= Spare tire =

Additional tire carried in a motor vehicle as a replacement for one that fails

A spare tire (or stepney in some countries) is an additional tire (or tyre; see spelling differences) carried in a motor vehicle as a replacement for one that goes flat, has a blowout, or has another emergency. Spare tire is generally a misnomer, as almost all vehicles actually carry an entire wheel with a tire mounted on it as a spare rather than just a tire, as fitting a tire to a wheel would require a motorist to carry additional, specialized equipment. However, some spare tires ("space-saver" and "donut" types) are not meant to be driven long distances. Space-savers have a maximum speed of around 50 mi/h.

When replacing a damaged tire, placing the compact spare on a non-drive axle will prevent damage to the drivetrain. If placed on a drivetrain axle, the smaller-diameter tire can put stress on the differential causing damage and reducing handling.

==History==
The early days of motor travel took place on primitive roads that were littered with stray horseshoe nails. Punctures (flat tires) were common, and required the motorist to remove the wheel from the car, demount the tire, patch the inner tube, re-mount the tire, inflate the tire, and re-mount the wheel.

To alleviate this time-consuming process, Walter and Tom Davies of Llanelli, Wales, invented the spare tire in 1904. At the time, motor cars were made without spare wheels. The wheel was so successful that the brothers started their own company, Stepney Spare Motor Wheel Limited, (named after the location of their workshop on Stepney Street In Llanelli) and started marketing the wheel in Britain, Europe, and the British Empire and colonies. The word "stepney" is sometimes used interchangeably in countries that were once part of the British Empire such as Pakistan, Bangladesh, India, and Malta.

The first to equip cars with an inflated spare wheel-and-tire assembly were the Ramblers made by Thomas B. Jeffery Company. The Rambler's interchangeable wheel with a mounted and inflated spare tire meant the motorist could exchange it quickly for the punctured tire that could then be repaired at a more convenient time and place.

The pre-mounted spare tire and wheel combination proved so popular with motorists that carrying up to two spare tires became common. Automakers often equipped cars with one or dual sidemounts. The spares were mounted behind the front fenders as they blended into the running boards (a narrow footboard serving as a step beneath the doors).

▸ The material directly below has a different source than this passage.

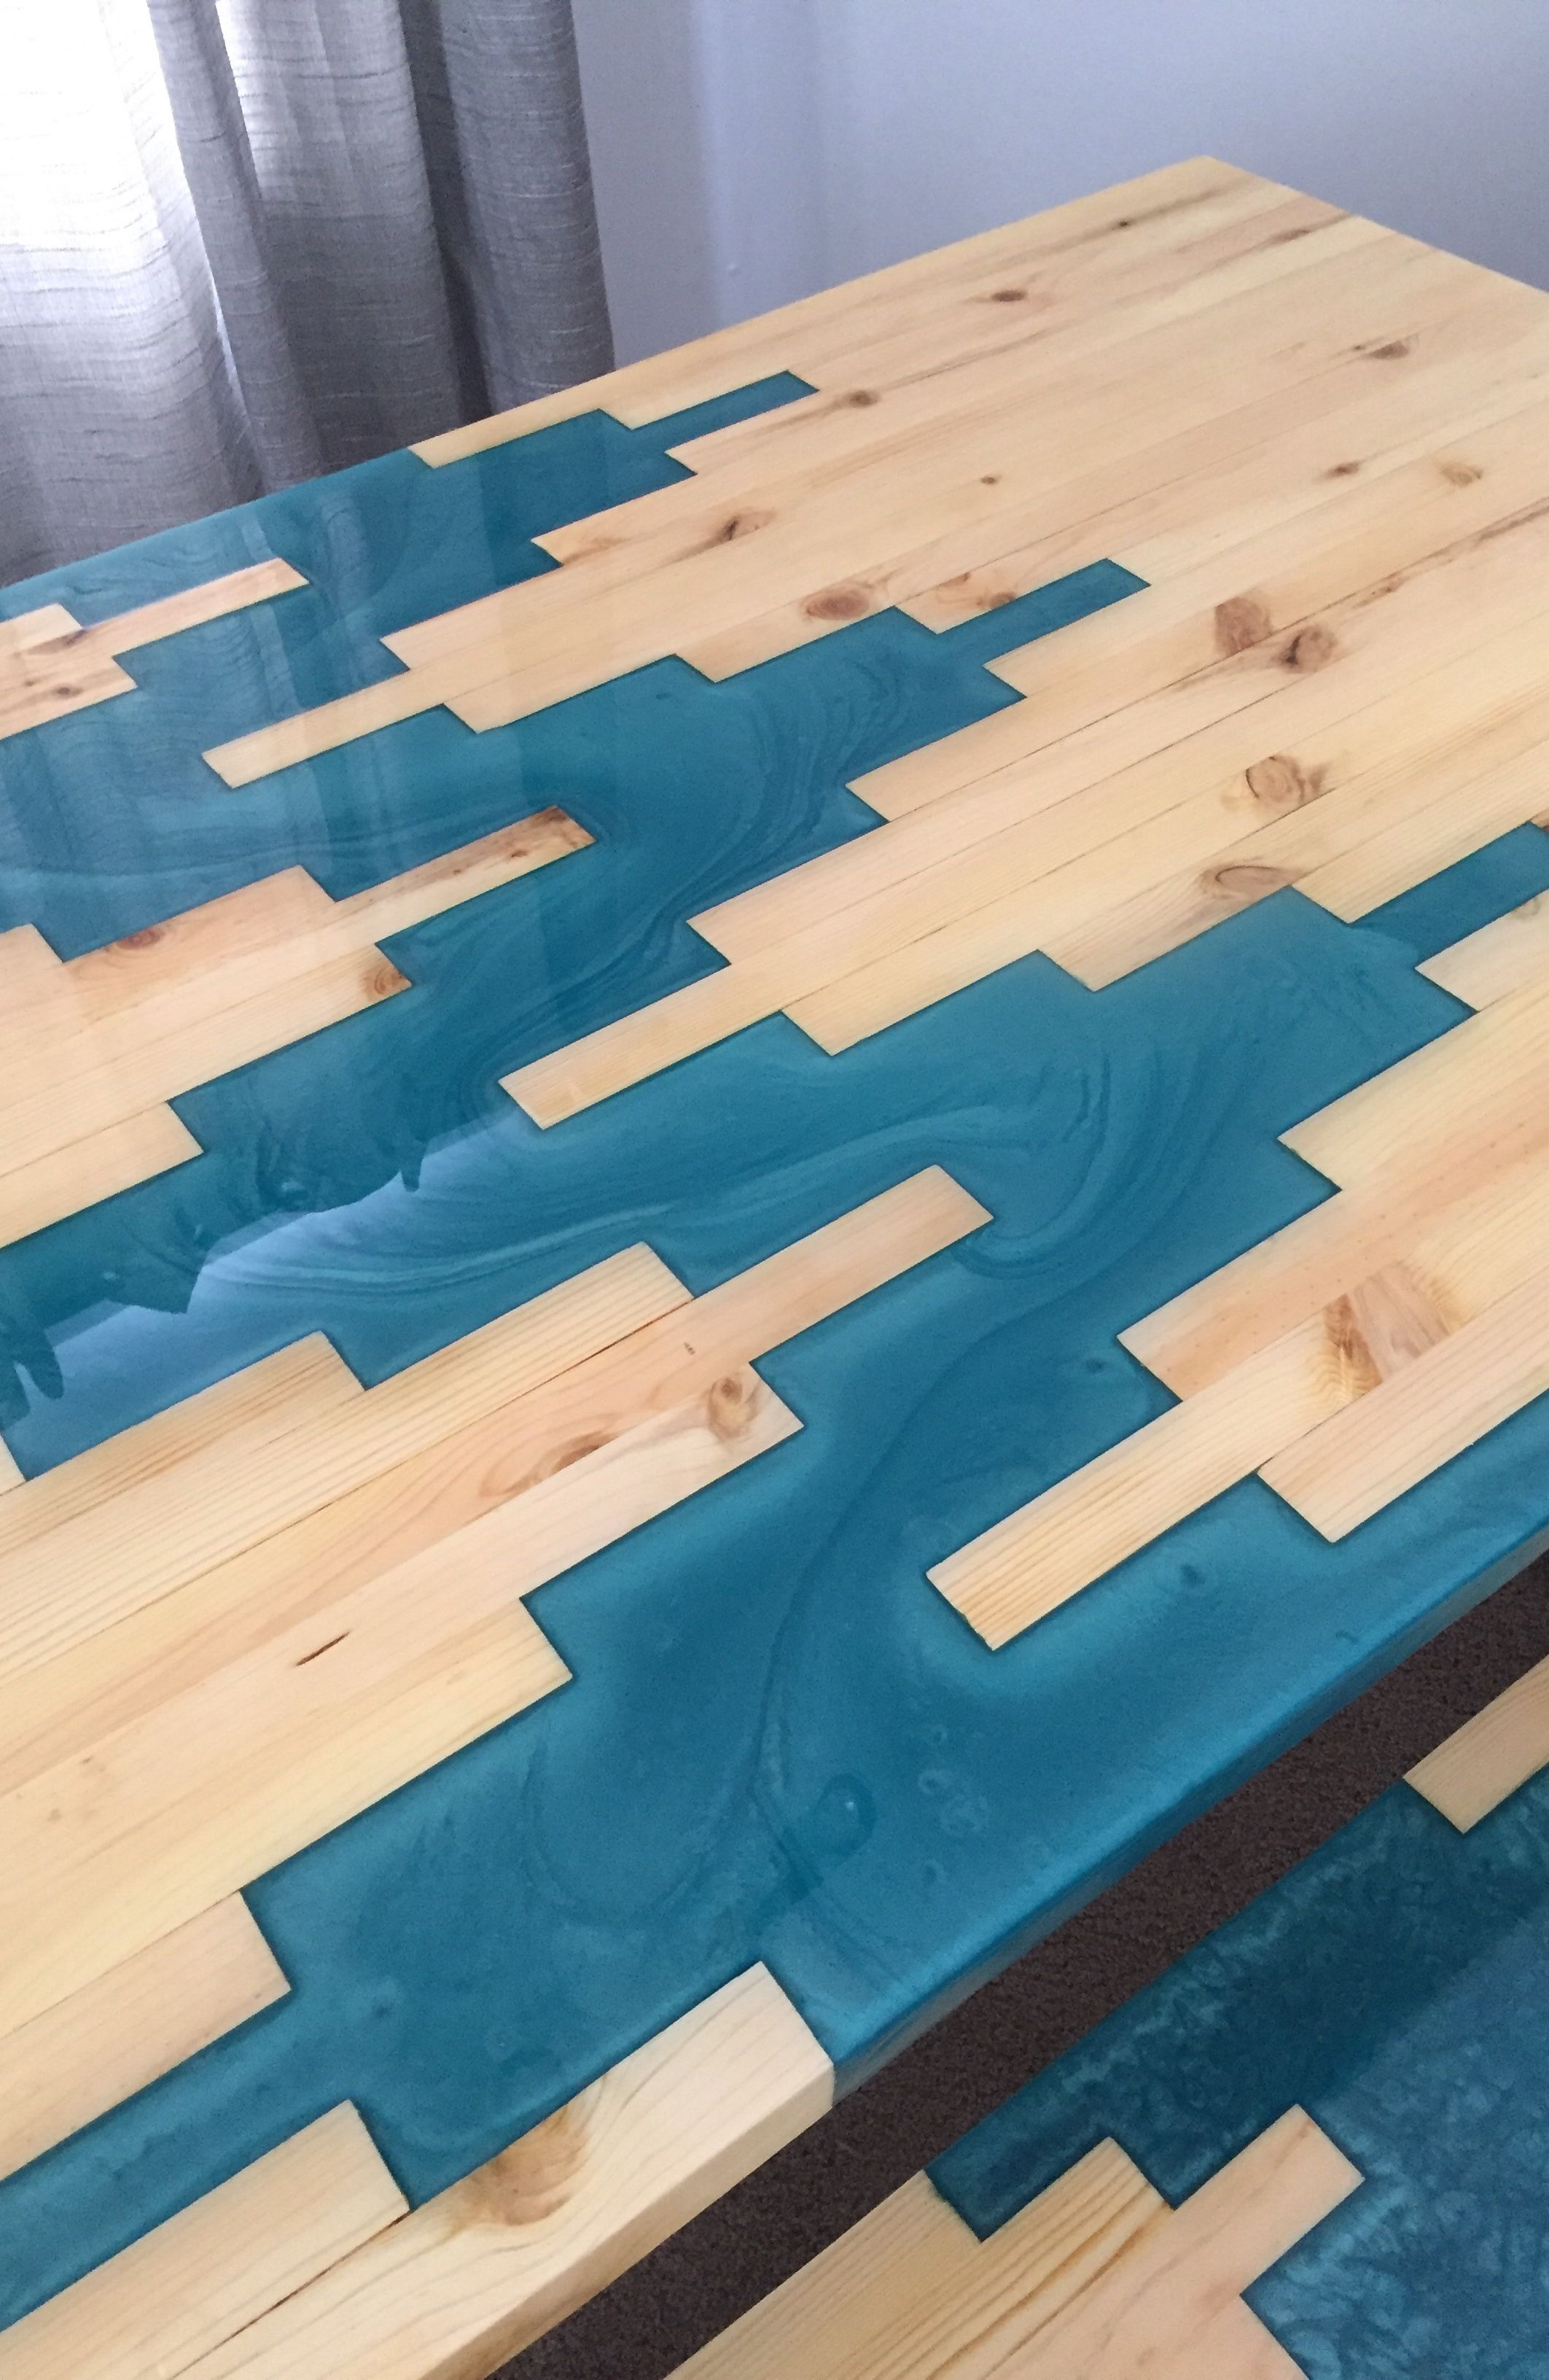 Custom Built Epoxy Resin Geometric River Wood Table Wood Table Diy Epoxy Resin Table Resin Furniture

In 1941, the U.S. government temporarily prohibited spare tires on new cars as part of the nation's World War II rationing strategy, which led to quotas and laws designed to force conservation, including rubber that was produced overseas and difficult to get. A similar ration prohibition was also implemented by the U.S. during the Korean War in 1951.

== Usage in the 21st century ==
Contemporary vehicles may come equipped with full-size spares, limited use minispares, or have run-flat capability.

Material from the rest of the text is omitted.